Mysten Labs and the case for a brand-new blockchain

October 3, 2022, 1:15 PM UTC
Sui Blockchain
The Sui blockchain aspires to deliver Ethereum-style capabilities but with better design and tools for scaling.
Courtesy of Mysten Labs

The crypto world is awash in blockchains—many of which serve no discernible purpose—and so when a new one comes along, I’m skeptical. Yet when I spoke with Adeniyi Abiodun, one of a team of Facebook vets who recently raised an eye-popping $300 million for a new chain, I was intrigued.

Abiodun is one of five veterans of Facebook’s ill-starred crypto project who left to found Mysten Labs, a company building something called the Sui blockchain that aspires to deliver Ethereum-style capabilities but with better design and tools for scaling. According to Abiodun, it’s “ludicrous” existing blockchains (including Ethereum) become much more expensive as more people use them—an inversion of the economies-of-scale model that powers Silicon Valley.

He describes these blockchain issues as the “throughput problem” and says the Sui blockchain has solved them by the same “object-based” programming that’s prevalent in other computer systems, including his former employers Oracle and Facebook, which are adept at handling millions or billions or users. I lack the computer science knowledge to offer a proper assessment, but the idea seems to be that this style of programming can eliminate transaction choke points—and soaring blockchain fees—by having activities take place in parallel across many realms. The upshot, according to Abiodun, is that the forthcoming Sui blockchain can address a surge in demand simply by adding more hardware while the cost stays the same. He says it’s the blockchain equivalent of going from dial-up internet to fiber.

Meanwhile, Abiodun says Sui is focusing on three killer apps: finance, digital commerce, and gaming. In the case of gaming, he says Mysten Labs is exploring partnerships with South Korean game giants to build blockchain-based experiences where fun is the first priority while token economics come later. He says this would amount to a reversal of the prominent crypto game Axie Infinity, which he derides as “a spreadsheet that looks like a game.”

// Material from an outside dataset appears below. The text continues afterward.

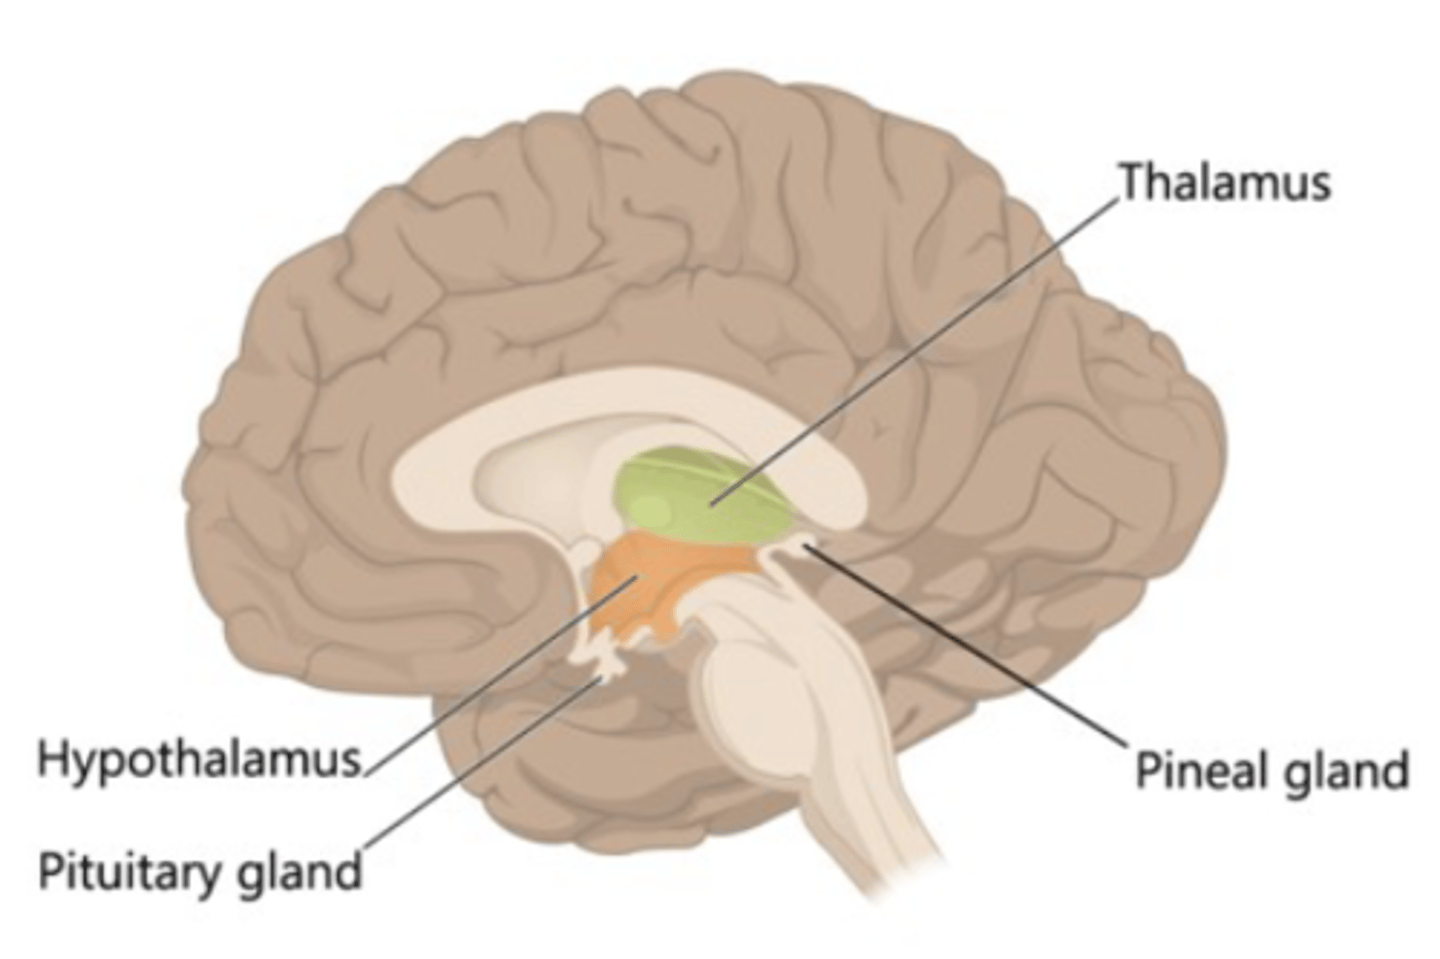 <p>1. Thalamus: Major sensory relay Centre. Receives input from sensory nerves and projects to the primary sensory areas of the cerebral cortex. All sensory information is relayed through the thalamus except olfaction. Also participates in motor and memory circuits.</p><p>2. Hypothalamus: Critical homeostatic functions. Regulates autonomic and endocrine systems.</p>

I have no idea if any of this will come to pass, especially as earlier high-profile projects such as Dfinity and Polkadot raised huge buckets of money to deliver a faster, better blockchain experience and have so far had little to show for it. But as Abiodun notes, blockchain technology has changed little over the past five years, and the market may be ready for something like Sui whose primary focus is excellent user design and whose costs decline the more people use it. We’ll see. In the meantime, find our rapid roundup of the latest crypto news below.

Jeff John Roberts


If you can’t beat ’em, join ’em: After criticizing FTX’s proposal to let traders cut out middlemen and post collateral directly to CME’s Bitcoin futures exchange, CME is floating a similar service of its own.

The founder of Celsius Networks withdrew $10 million for himself in May—only weeks before the company froze customer accounts and soon after declaring bankruptcy.

This weekend’s F1 race in Singapore featured no crypto ads around the track, likely as a result of regulatory scrutiny, though cars and drivers’ uniforms still showed the ads.

Solana suffered another major outage late Friday night, apparently because of a faulty node.

Ethereum creator Vitalik Buterin discussed his new book of essays and the idea of decentralized governance with popular columnist and podcast host Ezra Klein.


A Zillow listing for a “Crypto House.” Your guess is as good as ours.